▶ _What is required_:
Write out the data below exactly as given, without any of its pictures.

▶ _Data section_:
═══

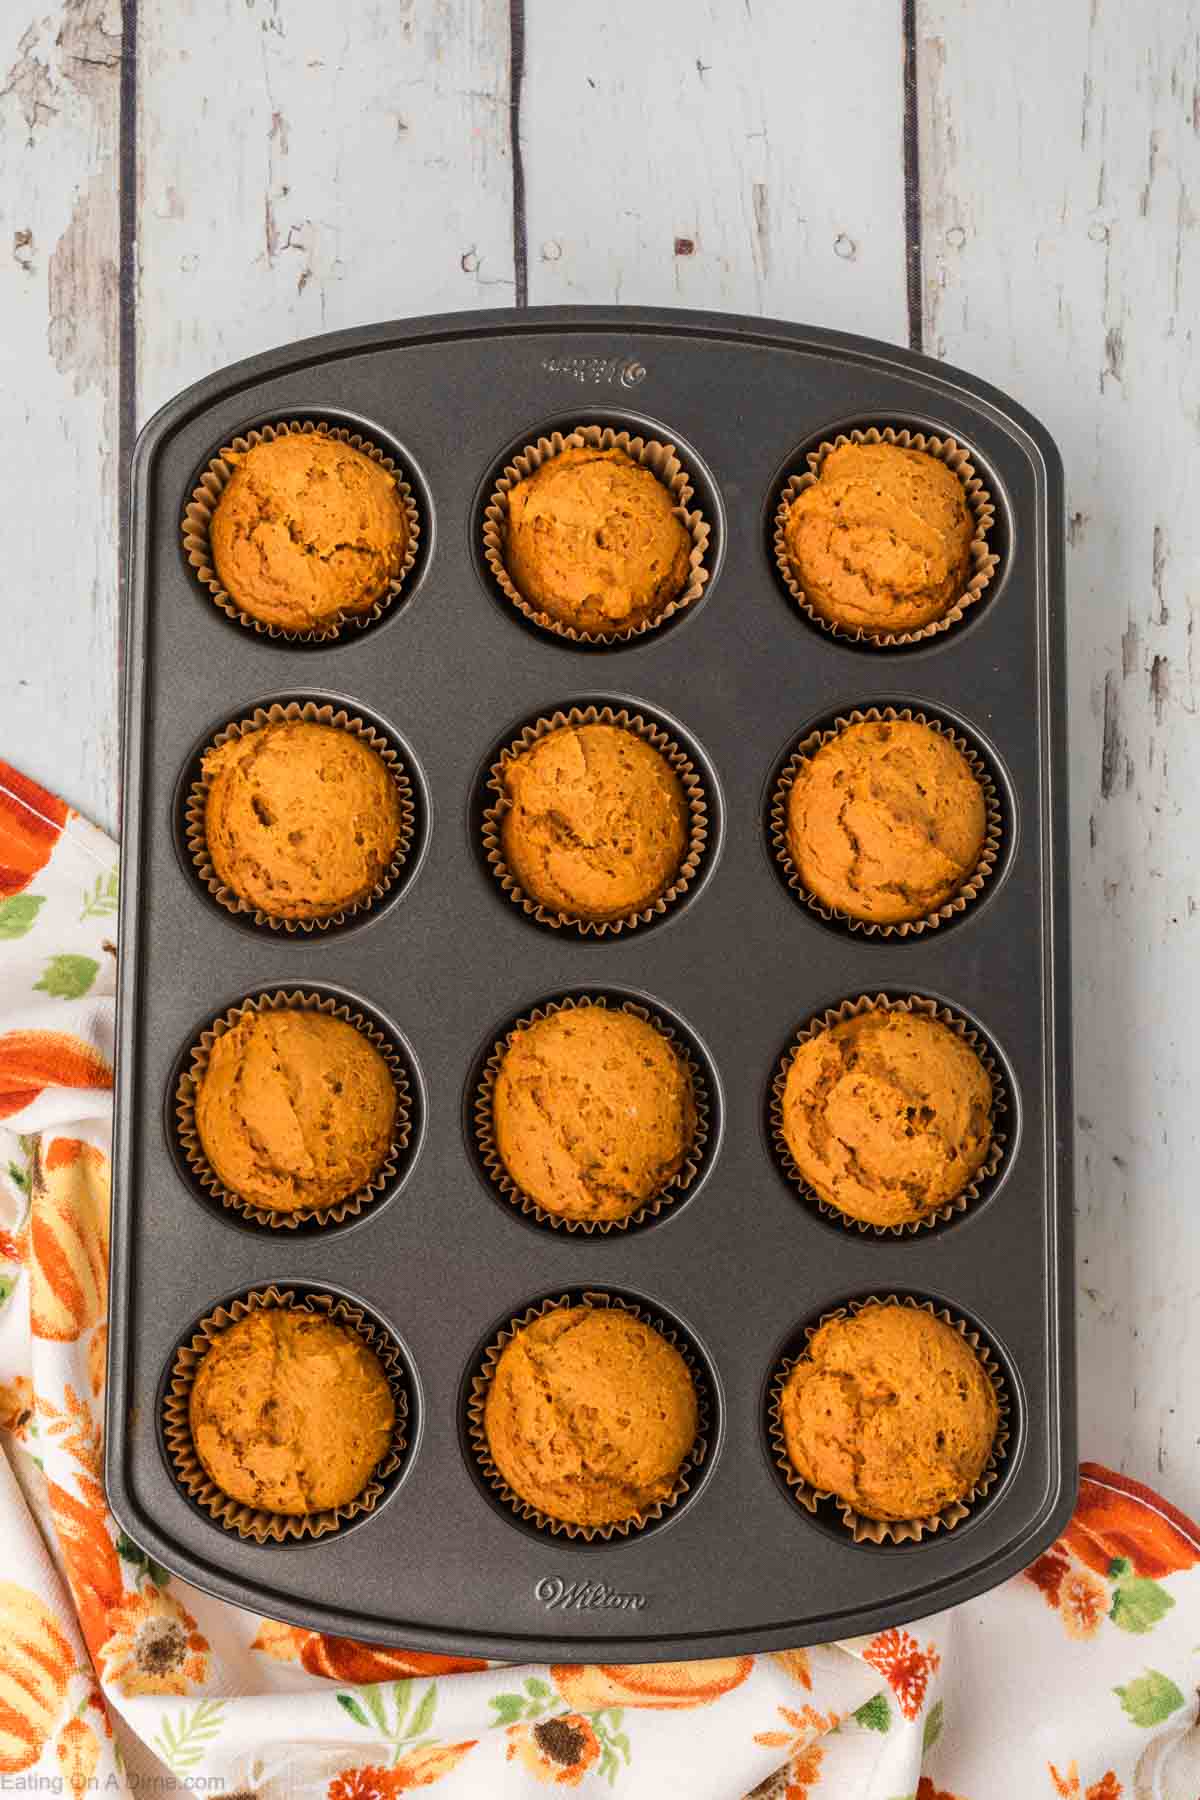 A muffin tin filled with twelve freshly baked 2 ingredient pumpkin muffins, each in a brown paper liner. The tin is placed on a rustic wooden surface, and a colorful orange and white kitchen towel is partially visible at the bottom left corner of the image.
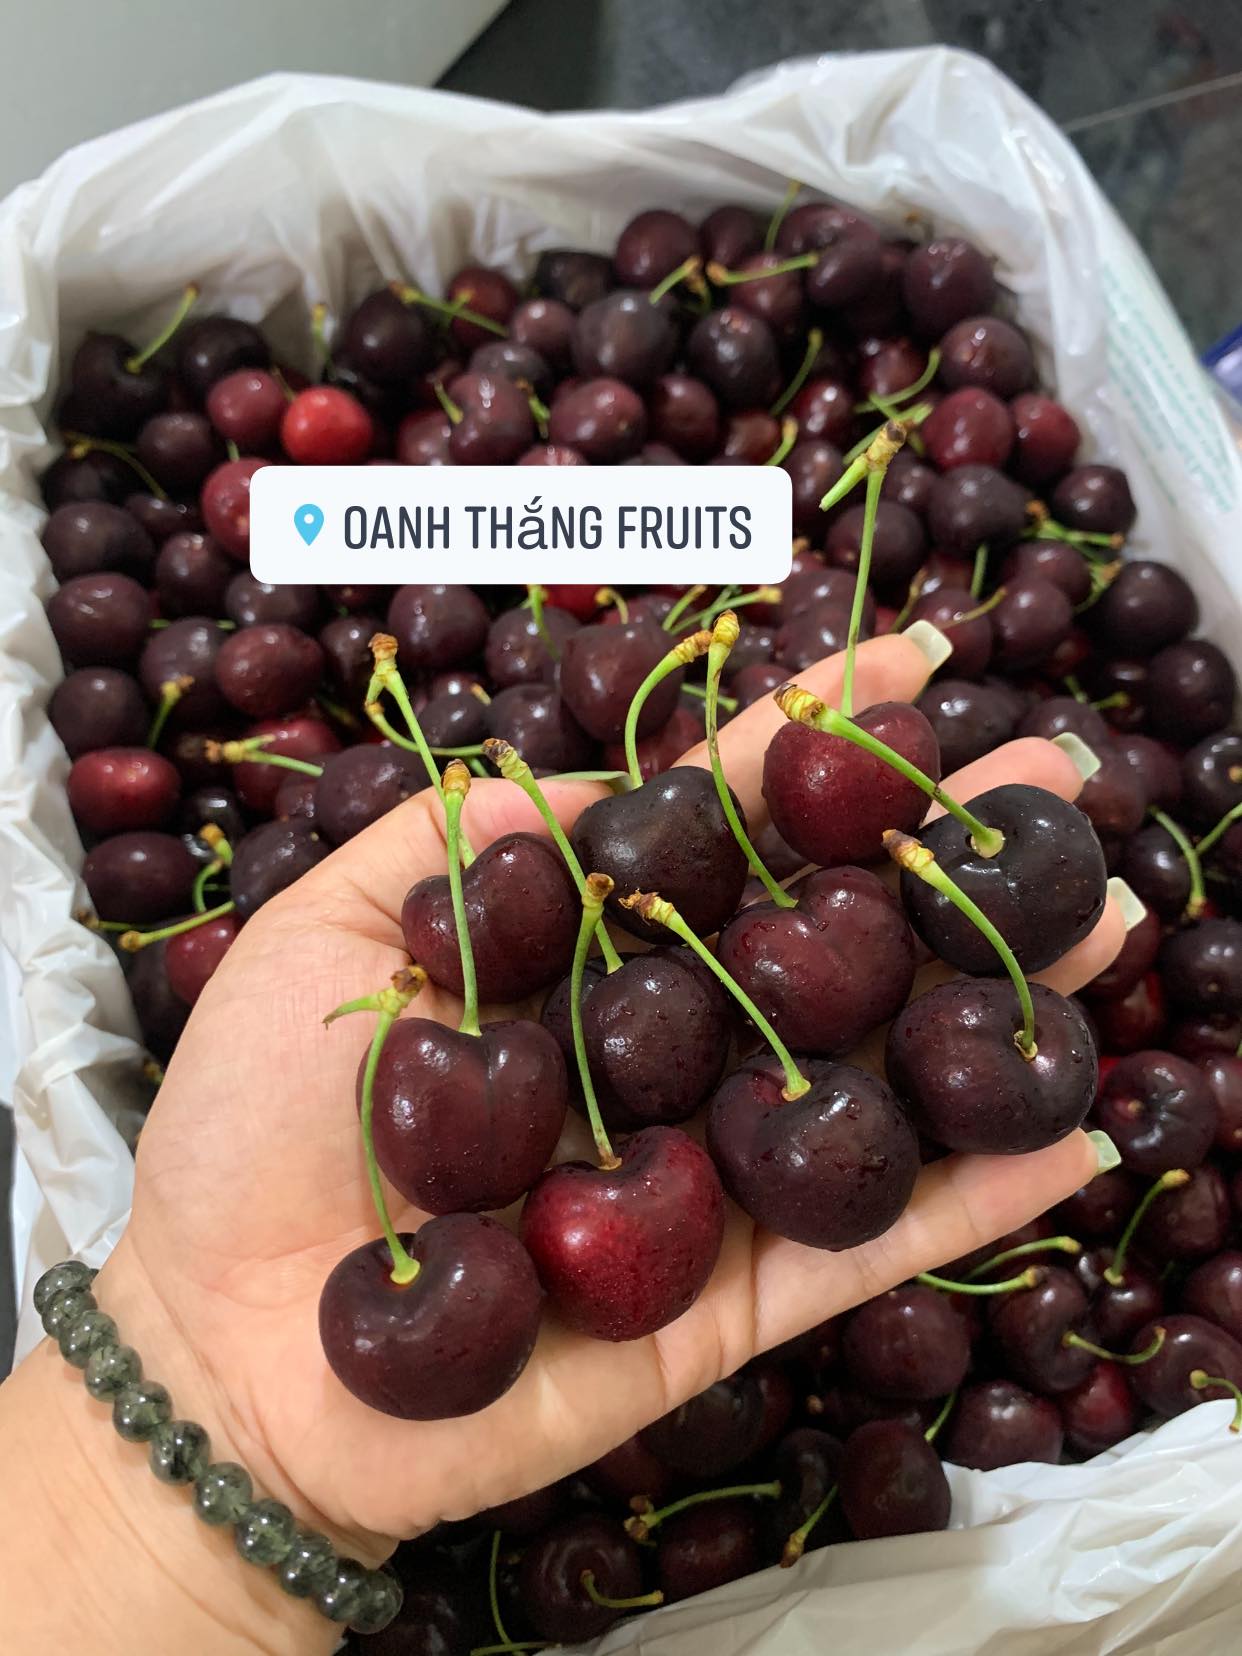 Oanh Thắng Fruits
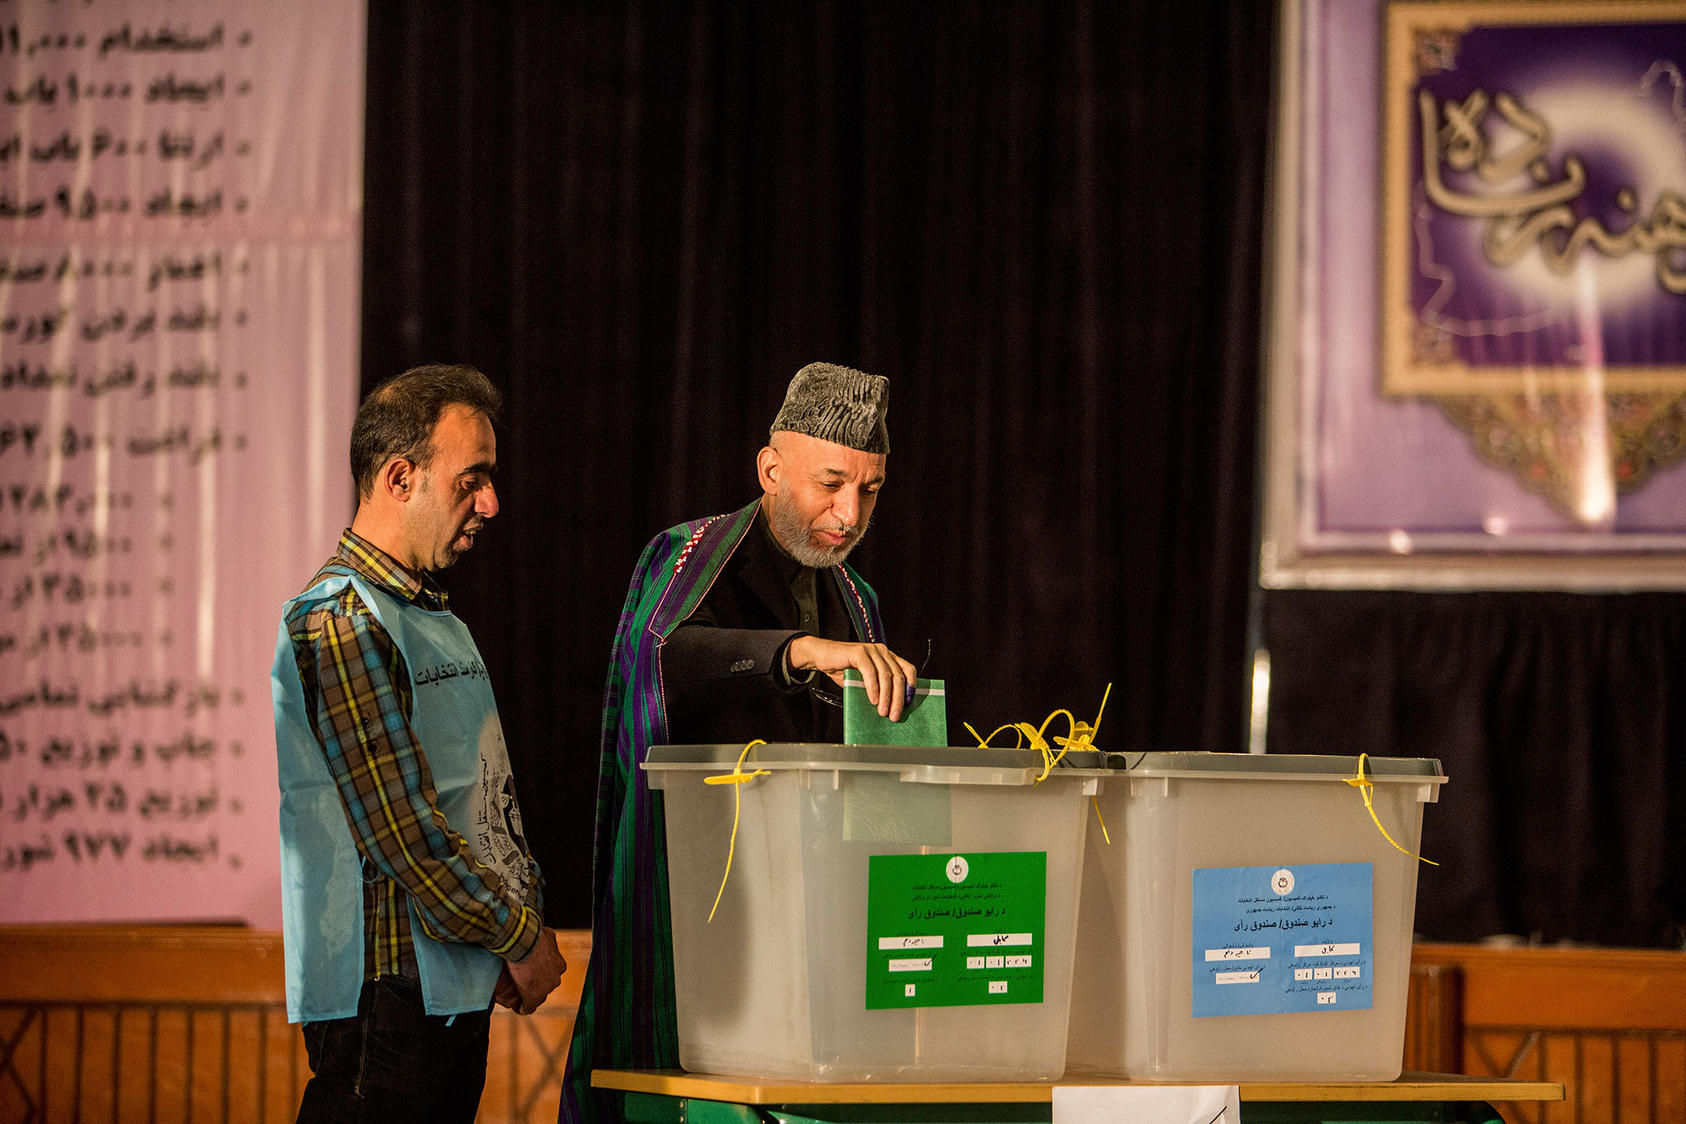 Hamid Karzai, the president of Afghanistan, votes in the election to choose his successor, at a high school in Kabul.
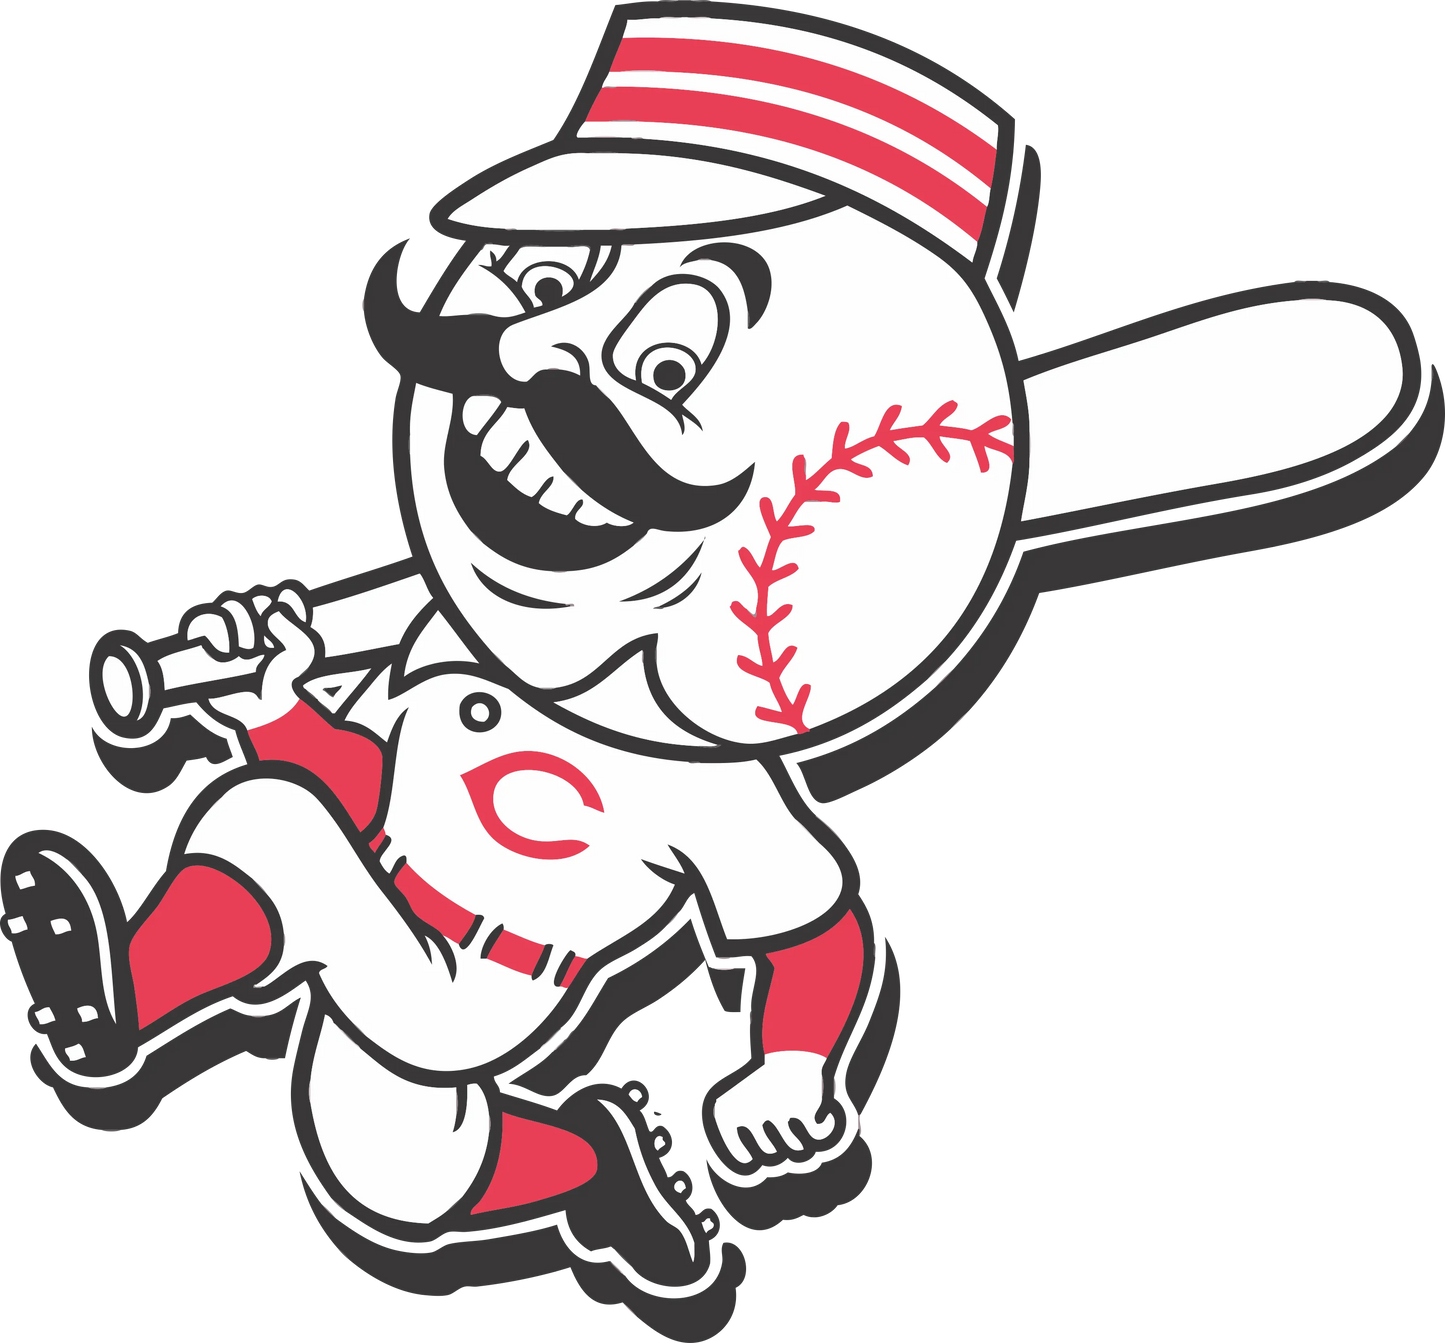 CR7 - Mr. Redlegs, DTF Transfer, Apparel & Accessories, Ace DTF

═══

▶ _Exercise answer_:
 A muffin tin filled with twelve freshly baked 2 ingredient pumpkin muffins, each in a brown paper liner. The tin is placed on a rustic wooden surface, and a colorful orange and white kitchen towel is partially visible at the bottom left corner of the image.
 Oanh Thắng Fruits
 Hamid Karzai, the president of Afghanistan, votes in the election to choose his successor, at a high school in Kabul.
 CR7 - Mr. Redlegs, DTF Transfer, Apparel & Accessories, Ace DTF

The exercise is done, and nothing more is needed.